Yes, within a tightly regulated community-based program running since the 1990s. A small number of permits for aged male markhor, Himalayan ibex and blue sheep are auctioned each season under CITES-sanctioned export quotas, while all other hunting of these species remains banned.
How much does a markhor hunting permit cost?
Permits are auctioned and Astore markhor licences have repeatedly sold for well over US$100,000, with record bids higher still. Roughly 80 percent of the fee goes directly to the village conservancy where the hunt takes place; Himalayan ibex permits cost a small fraction of that.
Does trophy hunting actually help conservation in Gilgit-Baltistan?
The measurable record says yes: markhor populations recovered enough for the IUCN to downlist the species from Endangered to Near Threatened in 2015, poaching collapsed in conservancy valleys, and permit revenue funds schools, clinics and wildlife rangers. The ethical debate continues, but the population outcomes are well documented.
Can I see markhor and ibex without hunting?

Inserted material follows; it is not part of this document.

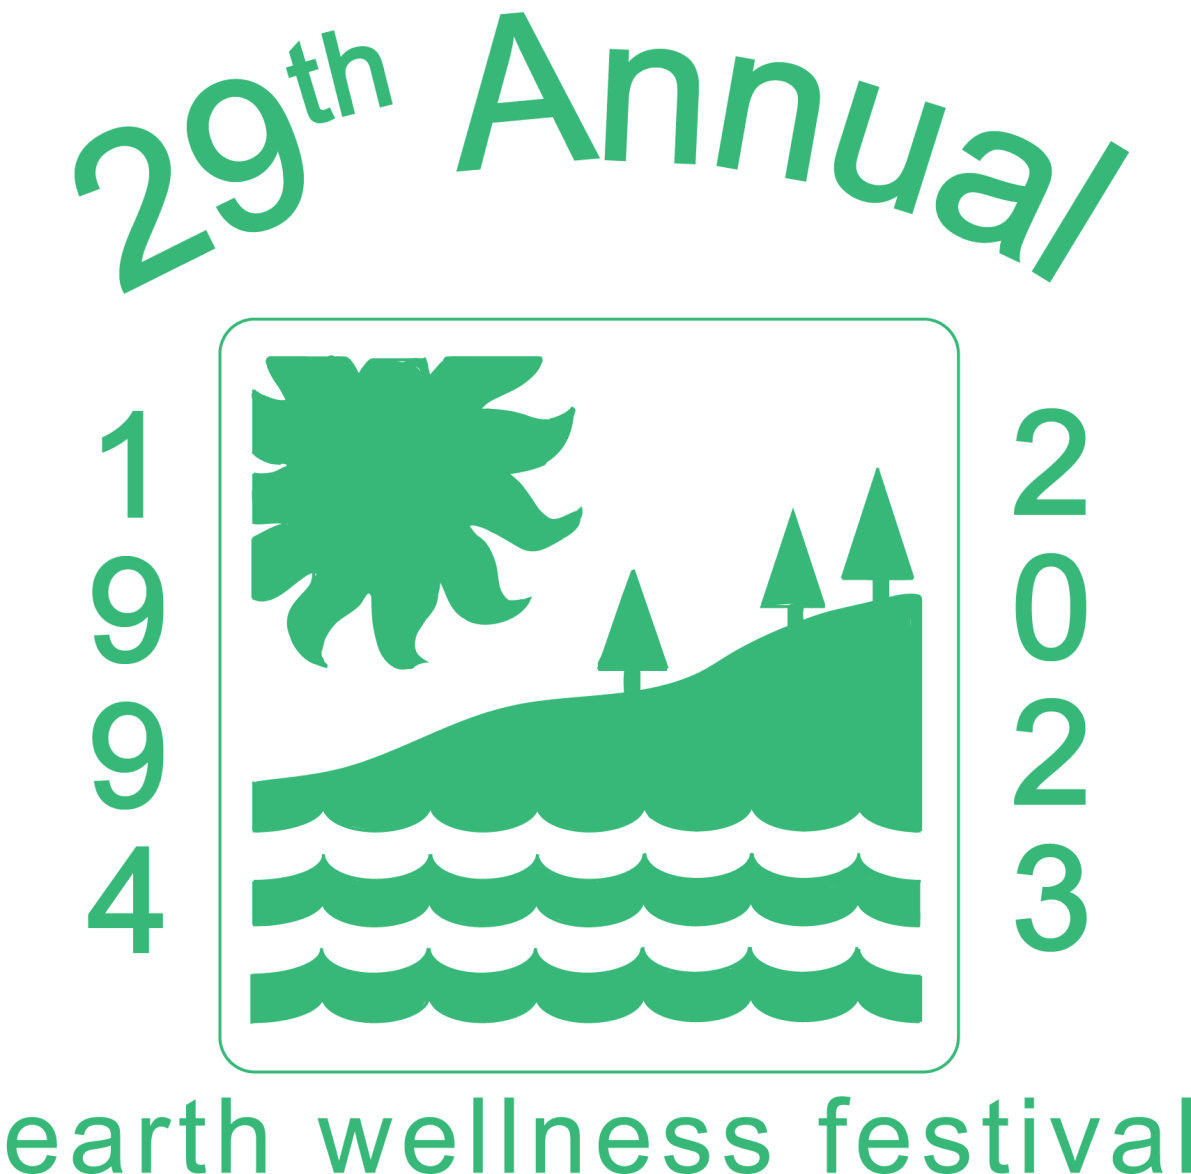 Welcome to the 2023 earth wellness festival!

Absolutely — that's the program's dividend for ordinary travellers. In winter and early spring, ibex herds graze low slopes around Khyber and Passu in upper Hunza, and markhor can be spotted along the Indus near the Skoyo–Karabathang–Basingo conservancy. Local wildlife guides dramatically improve your chances.
When is the trophy hunting season in Gilgit-Baltistan?
Roughly November to April, when animals descend to lower winter ranges and aged males can be properly identified. Hunts are supervised by wildlife department staff and community guides, and quotas are set from population surveys conducted by the conservancies.